I know that these were features, not bugs, of the Marvel Universe, and were what a lot of Marvel fans loved about the company, but for me, these were the two things that really turned me off to Marvel’s comics as a kid. I always felt like I was coming into the middle of a story, and never got a conclusion to the story I just read. And I felt like I had to read three other titles just to understand what was going on. The same thing eventually turned me off of the MCU as well. To be clear, I’m not advocating for one-and-done comics stories (although those are fine, too). I like long-form, serialized storytelling, but I also want my stories to have a clear beginning, middle, and an end. And Marvel has always just felt like one continuous, never-ending soap opera.

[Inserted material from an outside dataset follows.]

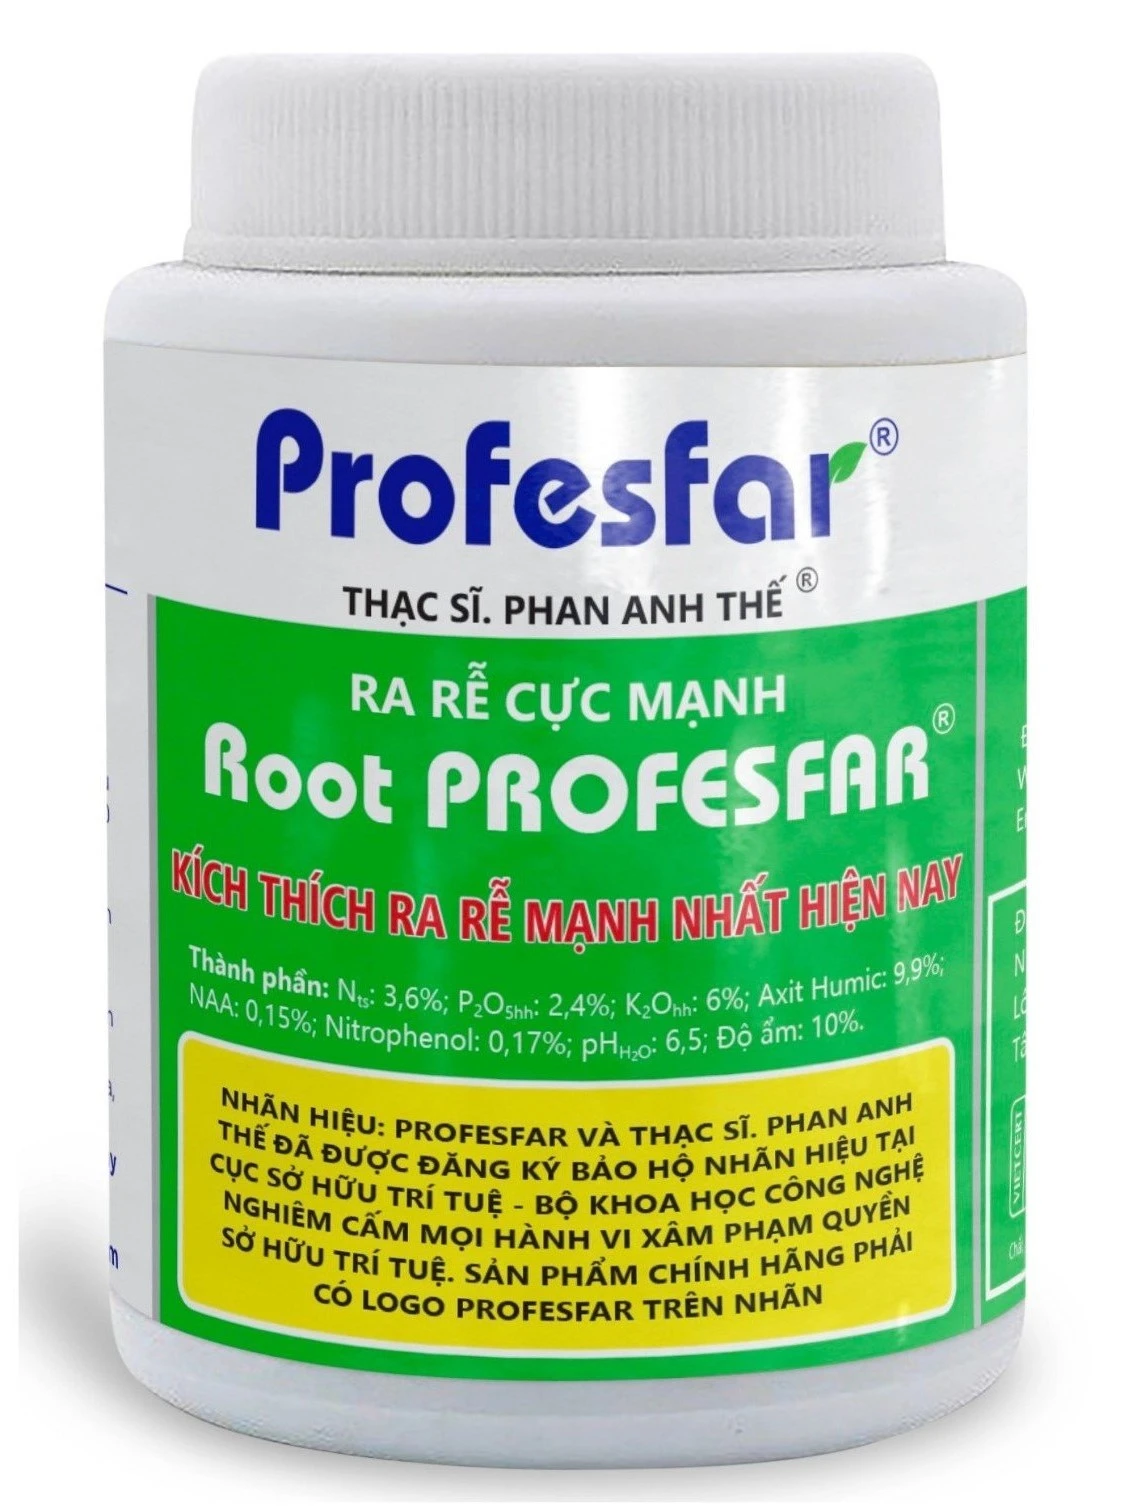 Root PROFESFAR®

This is one of the reasons why, when I was a teenager in the 1980s, I really gravitated towards DC’s focus on mini-series, particularly Prestige and Deluxe format mini-series that felt more like movies and less like soap operas. Complete stories that really focused on narrative structure, and which were satisfying in and of themselves (instead of being just one more brick in an ever expanding wall).
LikeLike
the Continued aspect was a problem for me too — on my limited budget there was no way I could be confident of being able to buy all the installments. I remember reading the middle installment of the first Sentinels story, then missing the conclusion and picking up with the follow-up story — and missing part two where they beat Magneto.